This application claims priority to Korean Patent Application No. 10-2024-0040771, filed on Mar. 26, 2024, and all the benefits accruing therefrom under 35 U.S.C. § 119, the content of which in its entirety is herein incorporated by reference.

Embodiments of the invention relate to a display device, and more particularly to a

display device that supports a public mode and a private mode, and a method of operating the display device.

In general, a display device may display an image with a wide viewing angle such that not only a user positioned in front of the display device, but also a user positioned on the side of the display device can view the image. However, recently, to protect personal information or to ensure safety in a display device mounted in a vehicle, a private mode (or a privacy mode) has been developed in which the display device displays an image only to a user located in front of the display device. For example, a vehicle display device located corresponding to a passenger seat of a vehicle may operate not only in a public mode in which an image is displayed with a wide viewing angle such that the image is provided to both of a driver and a passenger, but also in a private mode in which an image is displayed with a narrow viewing angle such that the image is provided only to the passenger.

Some embodiments provide a display device capable of providing smooth mode switching.

Some embodiments provide a method of operating a display device capable of providing smooth mode switching.

According to embodiments, there is provided a display device including a display panel including a plurality of pixels, and a panel driver configured to drive the display panel. At least one pixel of the plurality of pixels includes a first light emitting element having a first viewing angle, a second light emitting element having a second viewing angle different from the first viewing angle, a pixel circuit configured to generate a driving current, a first transistor configured to provide the driving current to the first light emitting element in response to a first signal, and a second transistor configured to provide the driving current to the second light emitting element in response to a second signal. In response to a mode switching signal, the panel driver gradually changes an on-period ratio of at least one of the first signal and the second signal over a plurality of frame periods.

In embodiments, the first viewing angle may be a wide viewing angle, and the second viewing angle may be a narrow viewing angle that is narrower than the first viewing angle.

In embodiments, the first light emitting element may be a public light emitting element configured to provide light to both of a first user located in front of the display device and a second user located on a side of the display device, and the second light emitting element may be a private light emitting element configured to provide light to the first user and not to provide the light to the second user.

In embodiments, the display device is mounted in a vehicle. When the vehicle changes from a stationary state to a moving state, the panel driver may receive the mode switching signal, which indicates switching from a public mode in which an image displayed by the display device is visible to both of a first user located in front of the display device and a second user located on a side of the display device to a private mode in which an image displayed by the display device is visible to the first user and invisible to the second user.

In embodiments, when the vehicle changes from the moving state to the stationary state, the panel driver may receive the mode switching signal, which indicates switching from the private mode to the public mode.

In embodiments, when the mode switching signal indicates switching from a public mode to a private mode, the panel driver may gradually decrease an on-period ratio of the first signal over a plurality of first frame periods, and may gradually increase an on-period ratio of the second signal over the plurality of first frame periods.

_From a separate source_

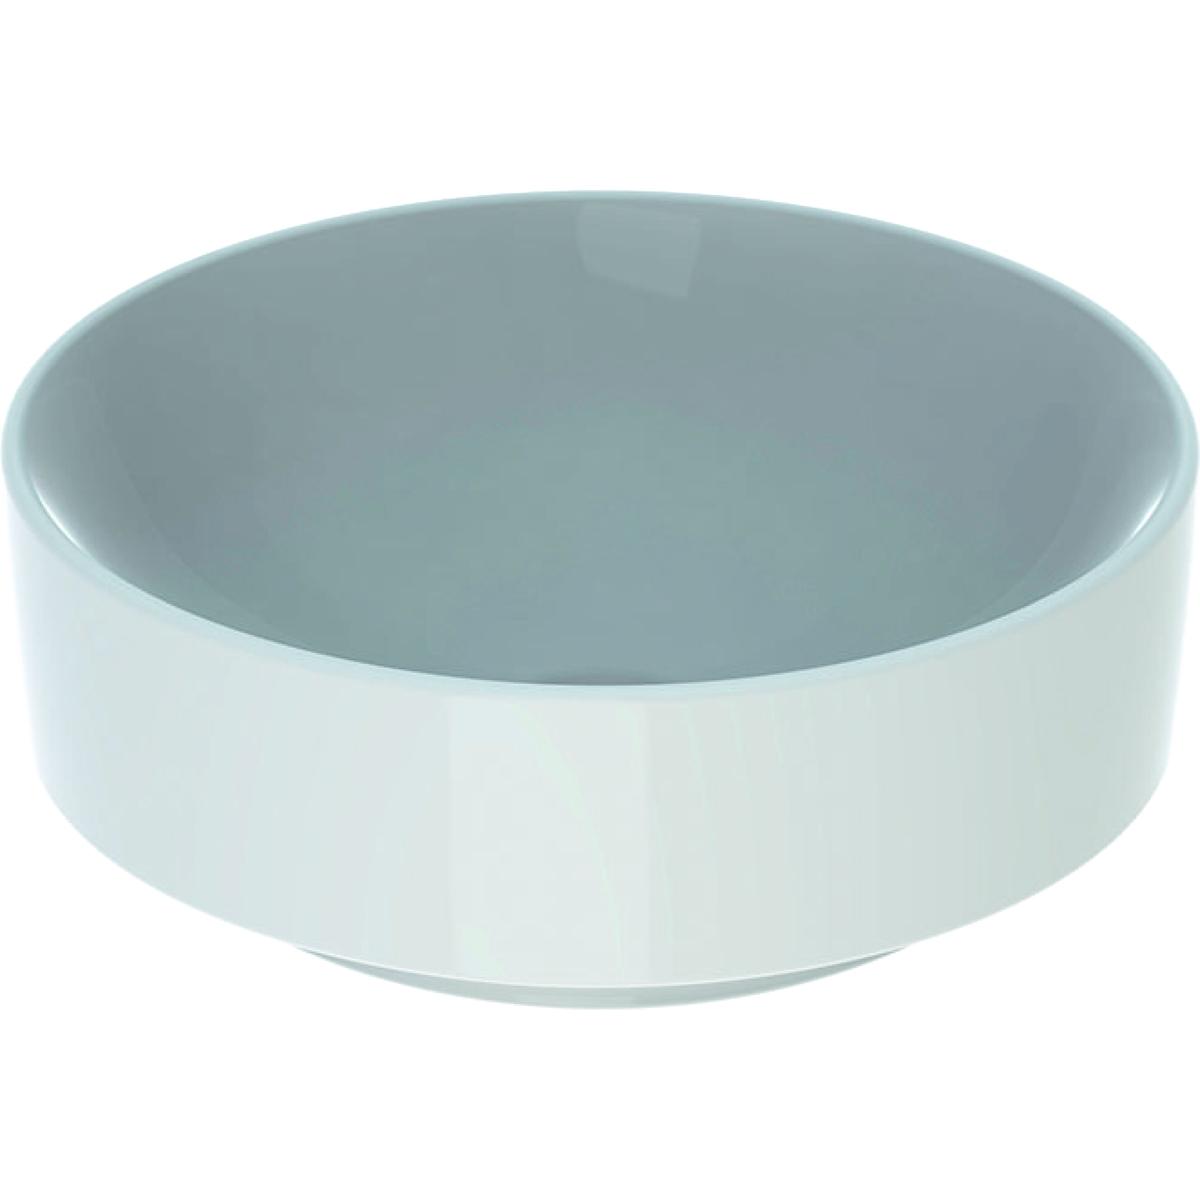 Lavoar rotund tip bol Geberit VariForm 40cm fara orificiu baterie fara preaplin alb imagine
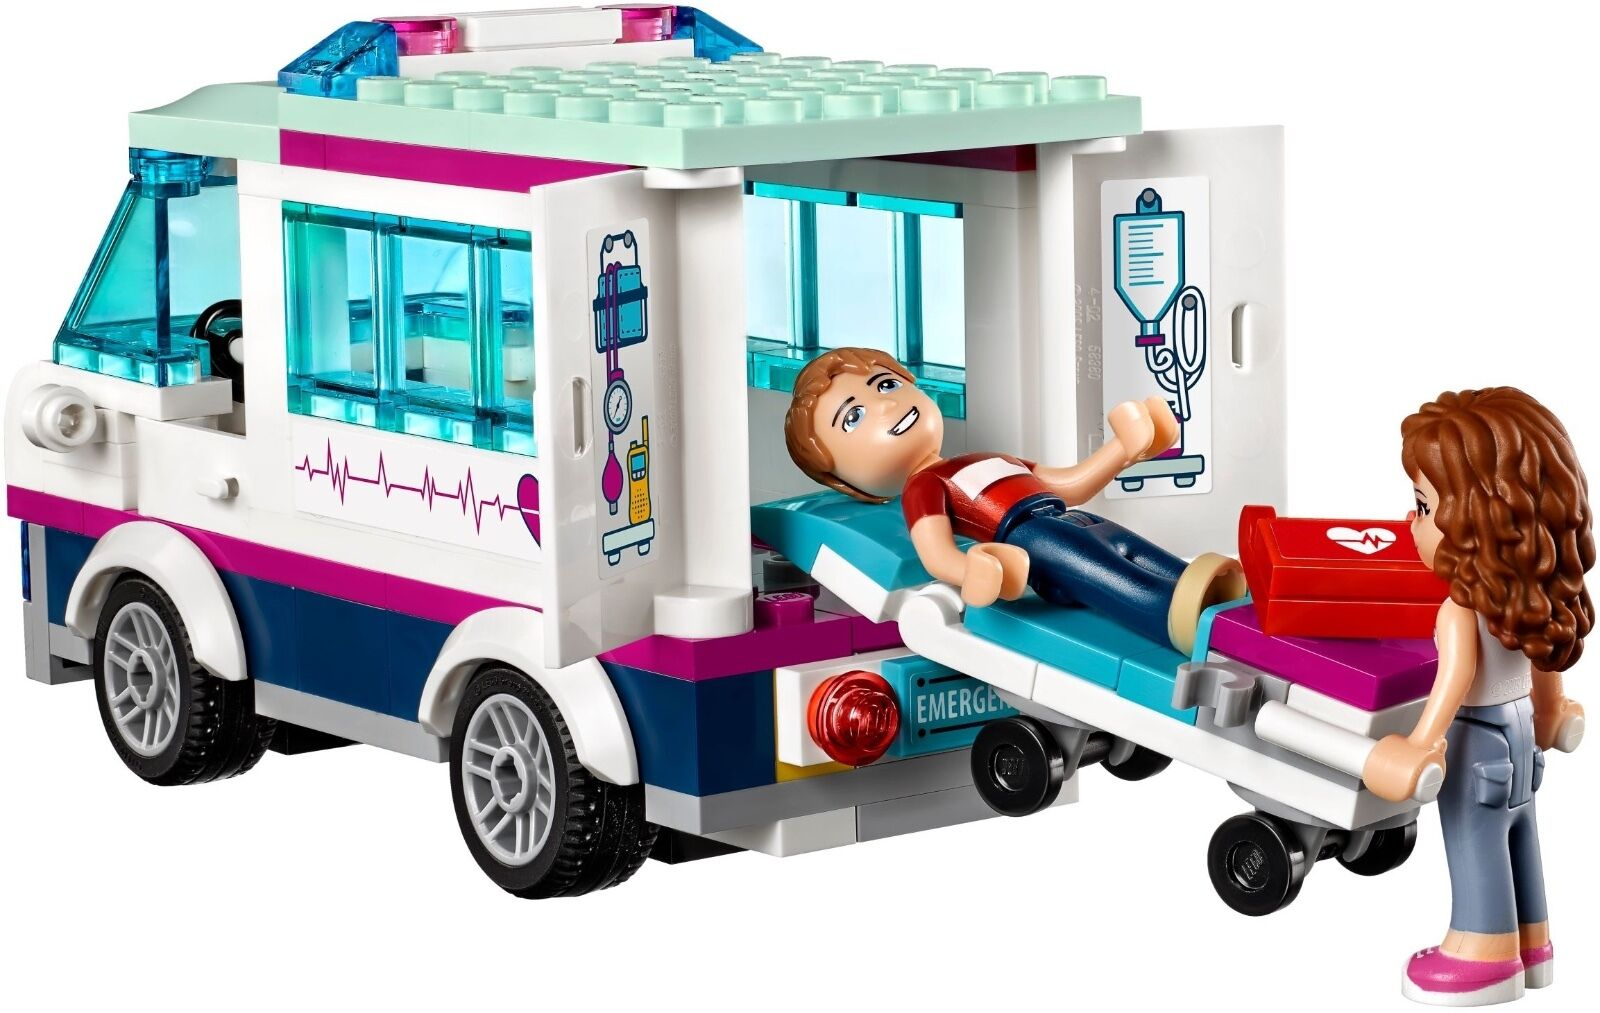 LEGO ® Friends Friends Friends 41318 Heartlake hôpital Nouveau neuf dans sa boîte _ Heartlake Hospital new Boîte d'origine jamais ouverte a96cbe

When the mode switching signal indicates switching from the private mode to the public mode, the panel driver may gradually decrease the on-period ratio of the second signal over a plurality of second frame periods, and may gradually increase the on-period ratio of the first signal.

In embodiments, when the mode switching signal indicates switching from a public mode to an all-off mode, the panel driver may gradually decrease an on-period ratio of the first signal over a plurality of first frame periods. When the mode switching signal indicates switching from the all-off mode to a private mode, the panel driver may gradually increase an on-period ratio of the second signal over a plurality of second frame periods.

In embodiments, when the mode switching signal indicates switching from a private mode to an all-off mode, the panel driver may gradually decrease an on-period ratio of the second signal over a plurality of first frame periods. When the mode switching signal indicates switching from the all-off mode to a public mode, the panel driver may gradually increase an on-period ratio of the first signal over a plurality of second frame periods.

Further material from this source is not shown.